# jewel orchid turning red



## cryptokat (Mar 9, 2008)

I just set up a new viv (no frogs yet) and the leaves on my orchid (ludisia discolor) are turning red.. when I first got it the leaves were very dark green with reddish-pink veins. Is it dying? I think it has plenty of light and water, maybe it's not getting enough nutrients? Help!


----------



## iljjlm (Mar 5, 2006)

Mine did that when I first got mine. I posted a question on http://www.orchidboard.com and they said that you don't need a whole lot of light for them. I also let them dry out slightly. They came back fine. They were blooming at the time and somebody said that blooming takes out some energy and that might happen. Mine are blooming again and the color is good. So to answer your question maybe they need a little more shade and let them dry out in between watering.
Dave


----------



## Christer (Feb 18, 2008)

I had the same problem with my _L.discolor_. The leaves got back to normal once the plant got more shade.


----------



## cryptokat (Mar 9, 2008)

thanks for the replies. I never would have thought I was giving it _too much_ light and water ...Now any ideas on how I can make shade in my viv? ..maybe put up a beach umbrella? haha


----------



## vivariman (Sep 26, 2007)

Ya, that happened to me too, but I made the estimate that it was because of too much light, because I knew they needed more shade, and I compared it to the way neoregalia bromeiliads turn red in direct sunlight. I lost a leaf on it, but I put it right next to the base of a big philodendron, and the leaves blocked out most of the sun. It has since then grown 3 more leaves. So....

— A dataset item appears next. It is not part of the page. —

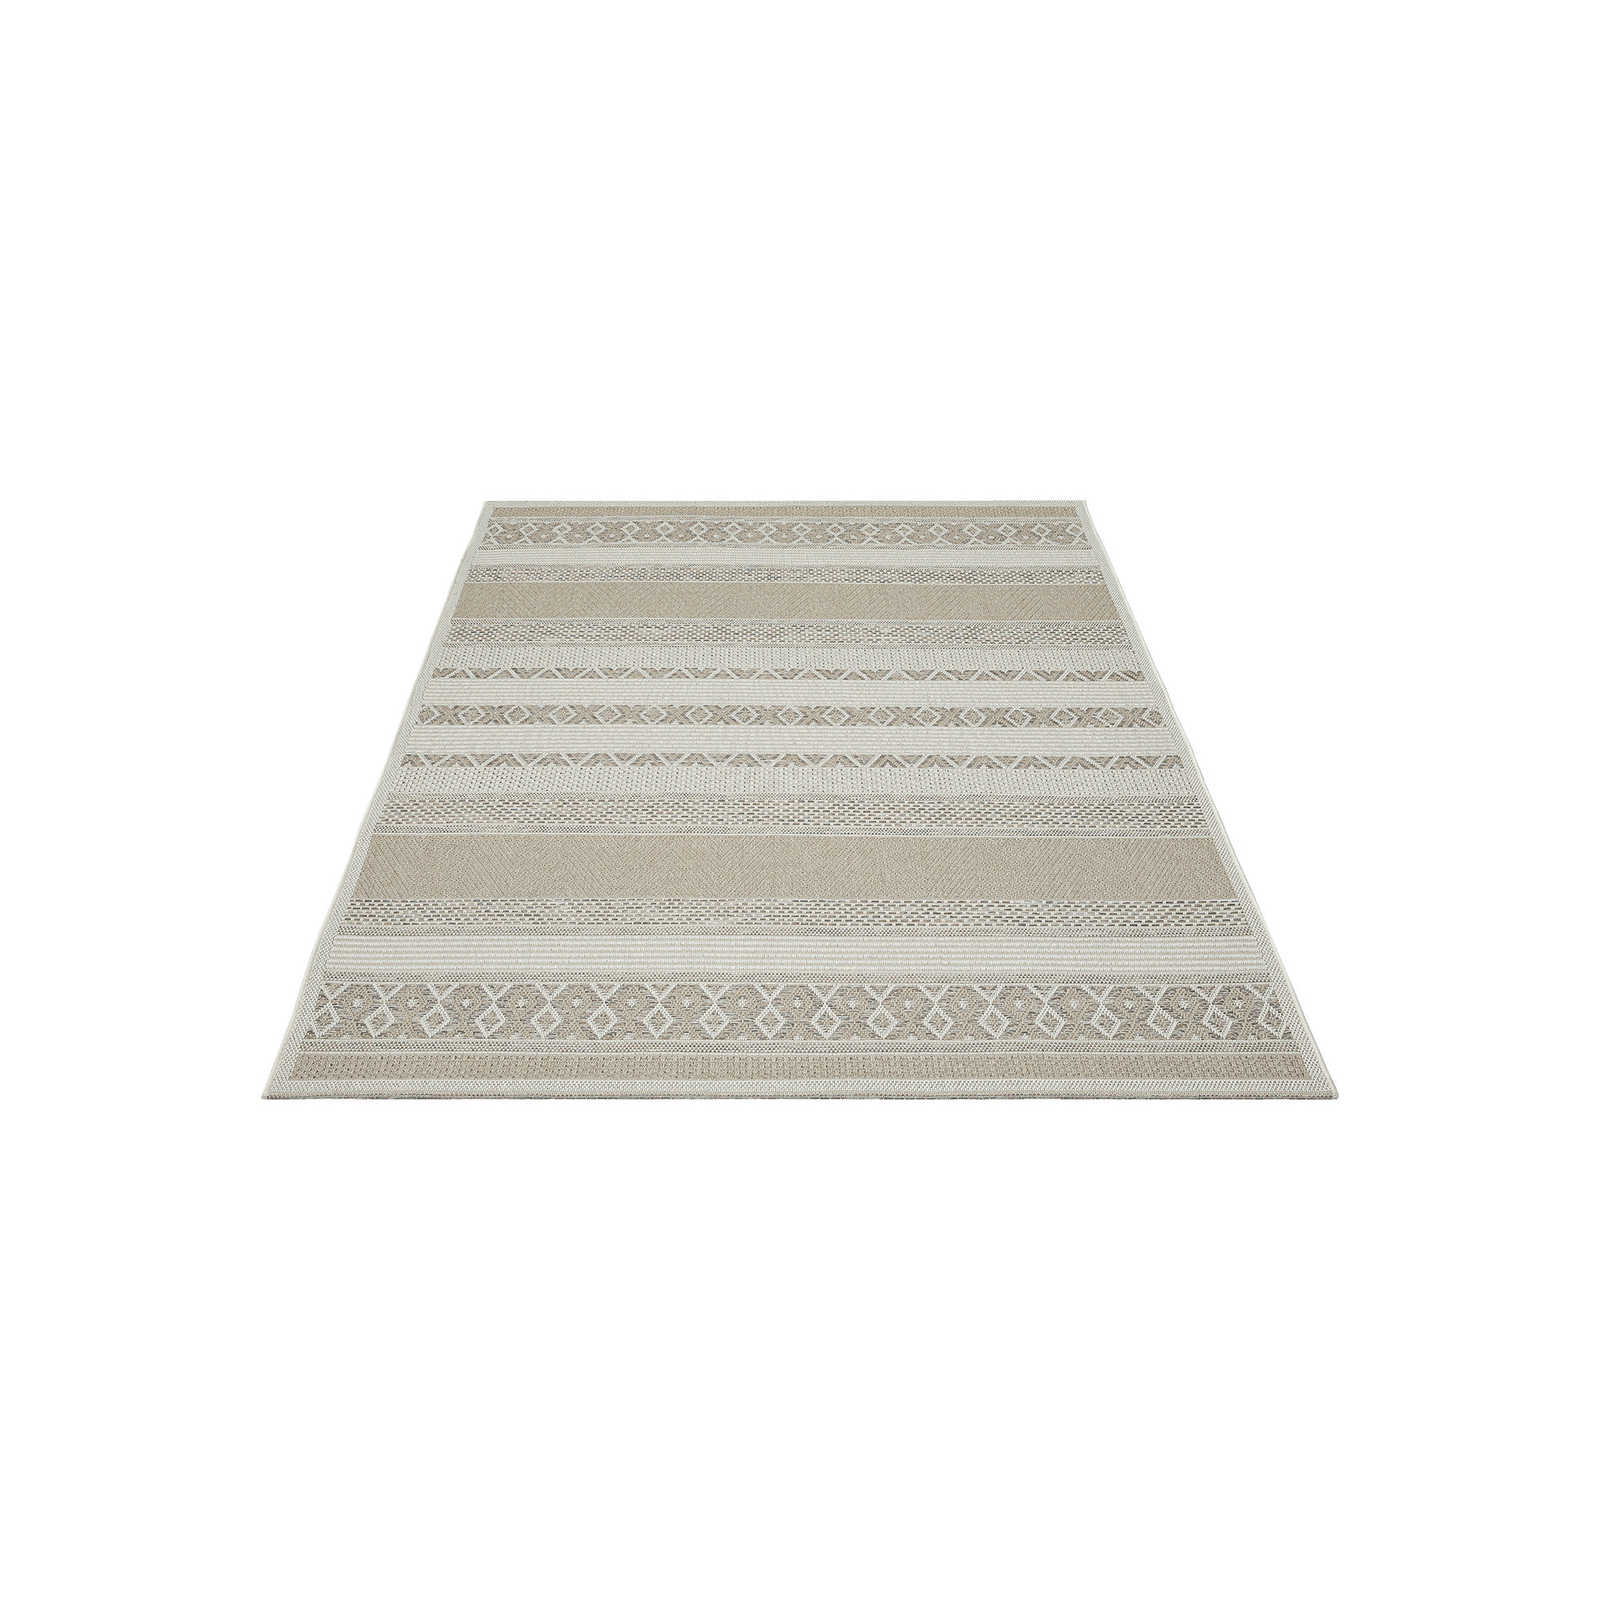 Outdoor Teppich aus Flachgewebe in schlichten Beige – 200 x 140 cm

1.Base of larger shady plant
or
2. under something in the background (a ledge of some sort)
or
3. Shaded from light by some piece of cage furnishing ( like driftwood or a rock

Doing this allowed me to keep my L. Discolor (sp?) thriving, while still keeping plants that need brighter light alive.

Good luck!


----------



## UmbraSprite (Mar 2, 2007)

Mine doesn't get much light...but also experience this. I believe too much moisture was the culprit in my case.


----------



## cryptokat (Mar 9, 2008)

it's back to dark green! I took a chill pill on the misting and re-planted it under a lump from the background. Thanks!!


----------